PS: yes, I created my account today, and explicitly to react to this article. I've been an avid Reg reader for years, but only until now have I felt the need to respond. I have experience with both EMC and Netapp arrays, but I'm not affiliated with either one.
One of the issues here is that by its very nature Backup is not dead, it lives on, and on, and on. What is considered to be outdated is still very much active, seven or more years after it is taken as a backup. So, whatever technology you bring in has to be alive and supported for a prolonged period of time.
The key to this is is solving the rather immature way that IT as a whole deals with data - we readily confuse Backup and Archive. Backup is exactly what it says - a fall back position should it all go wrong, we really only need a month of this (at worst), if you haven't detected your issue after a month then it really isn't a live system.
Archiving is the removal of stale data to another tier. Now this is difficult because unlike the backup chaps who don't care what your data is, the Archive chaps do, a lot.

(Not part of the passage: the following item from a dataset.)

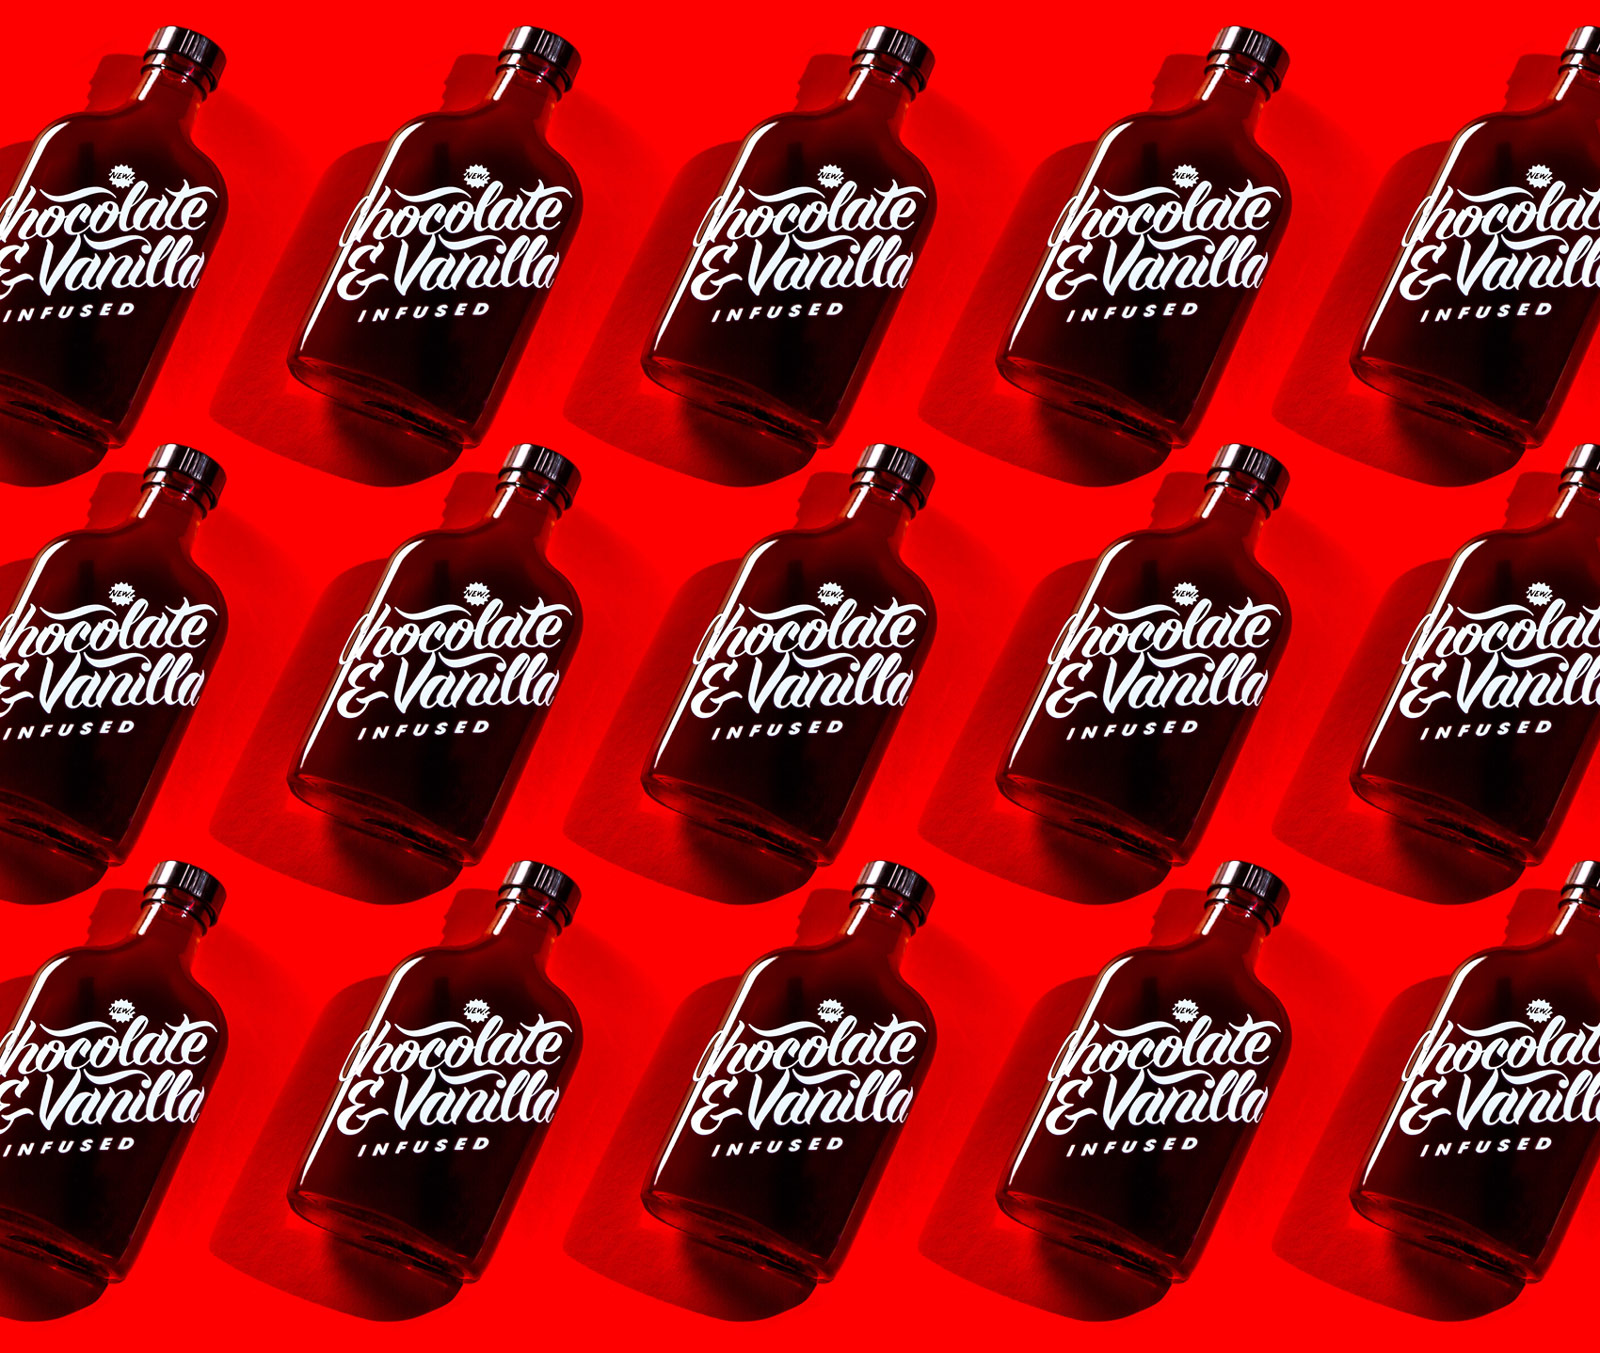 image of typography on bottles

To my mind there is little point in having a vendor of data buckets pontificating on the relative merits of different types of bucket, with the aim of selling new shiny buckets; when we still have them full of swill. I think the key to this is the database vendors (and I'm looking at Oracle here) to enforce, embue and enable their products to provide archiving as an inherent unavoidable function. Most importantly it needs to be an open standard, vendor agnostic, otherwise companies who take a long term view will stay away in their droves. What and why is the data owner's, how long is Oracle's, where is EMC's responsibility.
HDS has a product in this space, via a company they acquired last year named Cofio.
My bet, EMC purchases its' neighbor Actifio, and renames is VCopy. Leading up to the VCopy product release, VGeek, Chuck, and Zilla all blog on how EMC is about to change the face of the backup market forever. On the day of the announcement, EMC buys 400 new copiers and makes copies of the lawsuit against pure storage for 1 hour, breaking the world record for most copies of a lawsuit made on stage in an hour.